**WHAT THIS TASK INVOLVES**
Give again, word for word, every line below from the one that has "Training Facility ✨" through the one that has "AMTA's transformative facility, inaugurated", both included, and no others.

**EXERCISE MATERIAL**

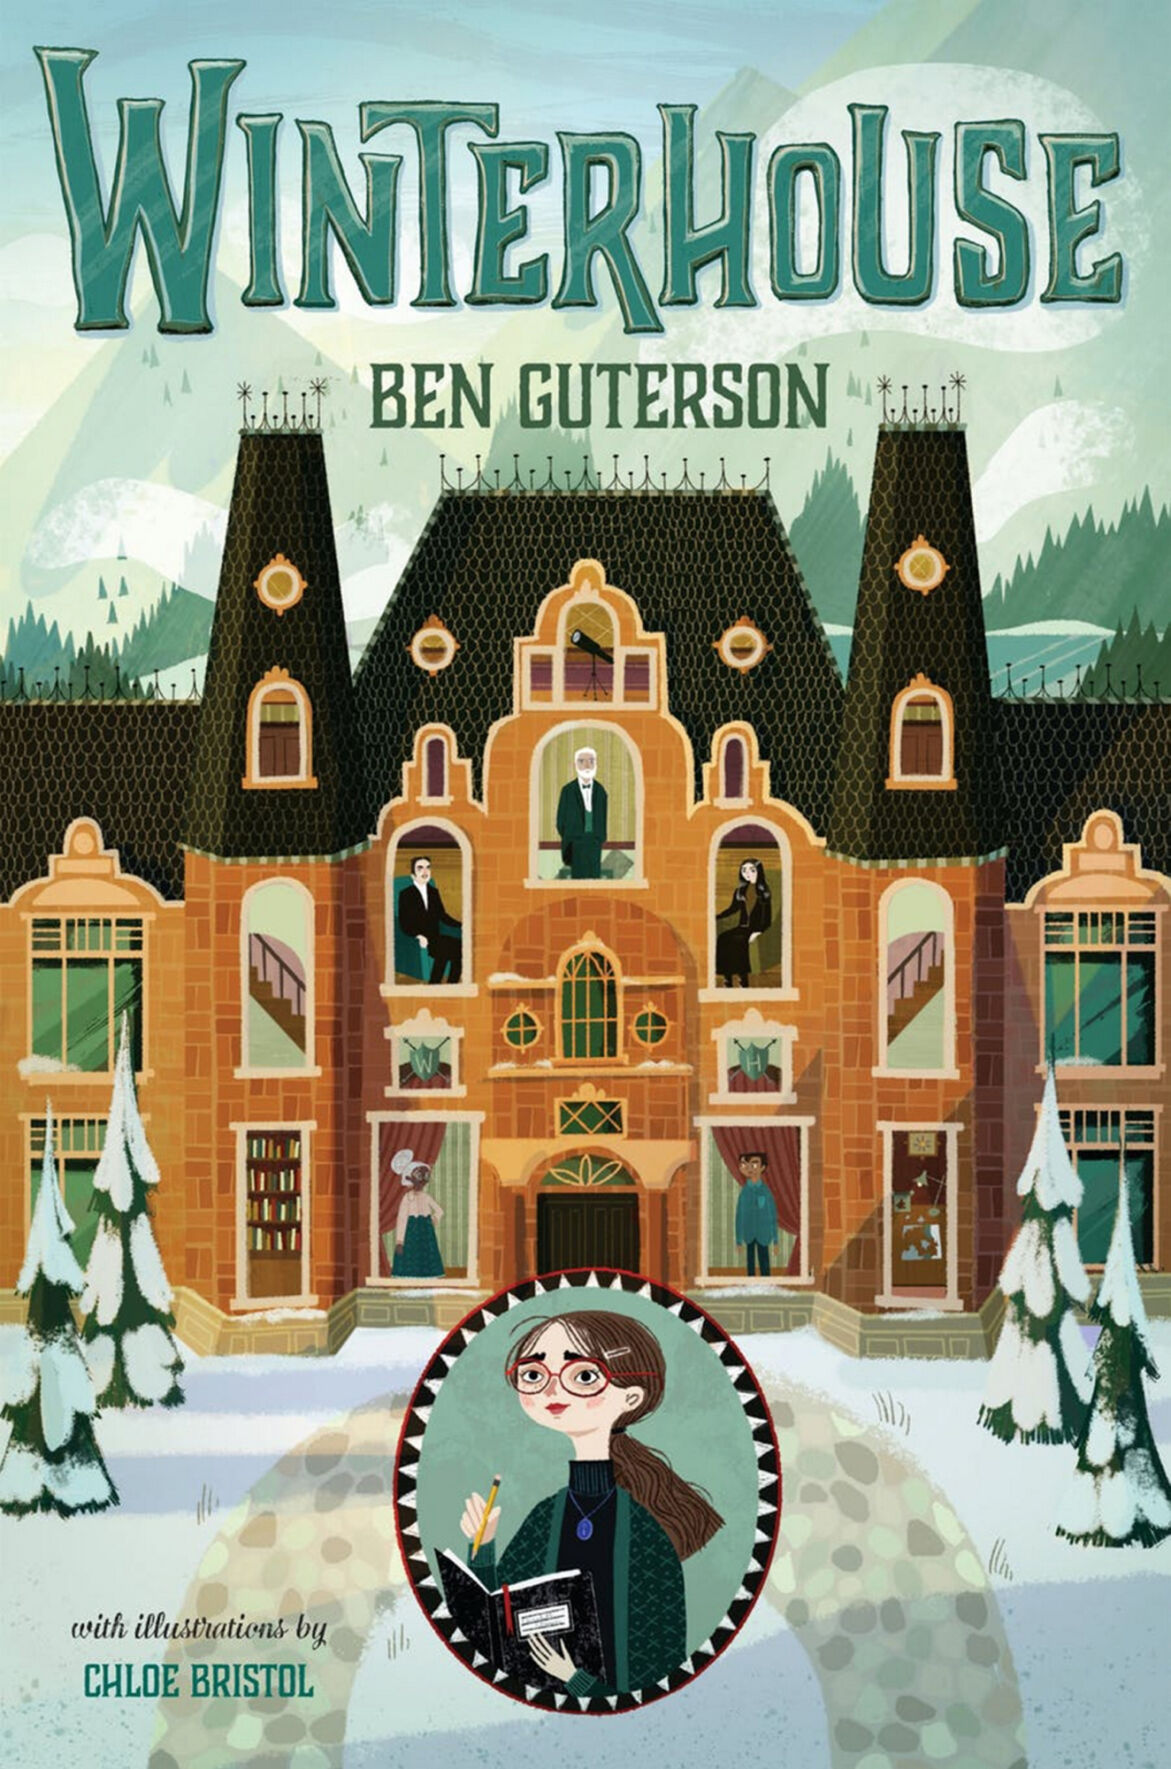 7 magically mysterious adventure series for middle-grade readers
==
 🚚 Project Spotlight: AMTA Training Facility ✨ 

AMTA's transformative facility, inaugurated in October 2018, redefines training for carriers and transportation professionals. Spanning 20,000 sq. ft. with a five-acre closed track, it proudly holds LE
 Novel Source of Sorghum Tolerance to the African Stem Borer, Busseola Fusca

**YOUR RESPONSE**
 🚚 Project Spotlight: AMTA Training Facility ✨ 

AMTA's transformative facility, inaugurated in October 2018, redefines training for carriers and transportation professionals. Spanning 20,000 sq. ft. with a five-acre closed track, it proudly holds LE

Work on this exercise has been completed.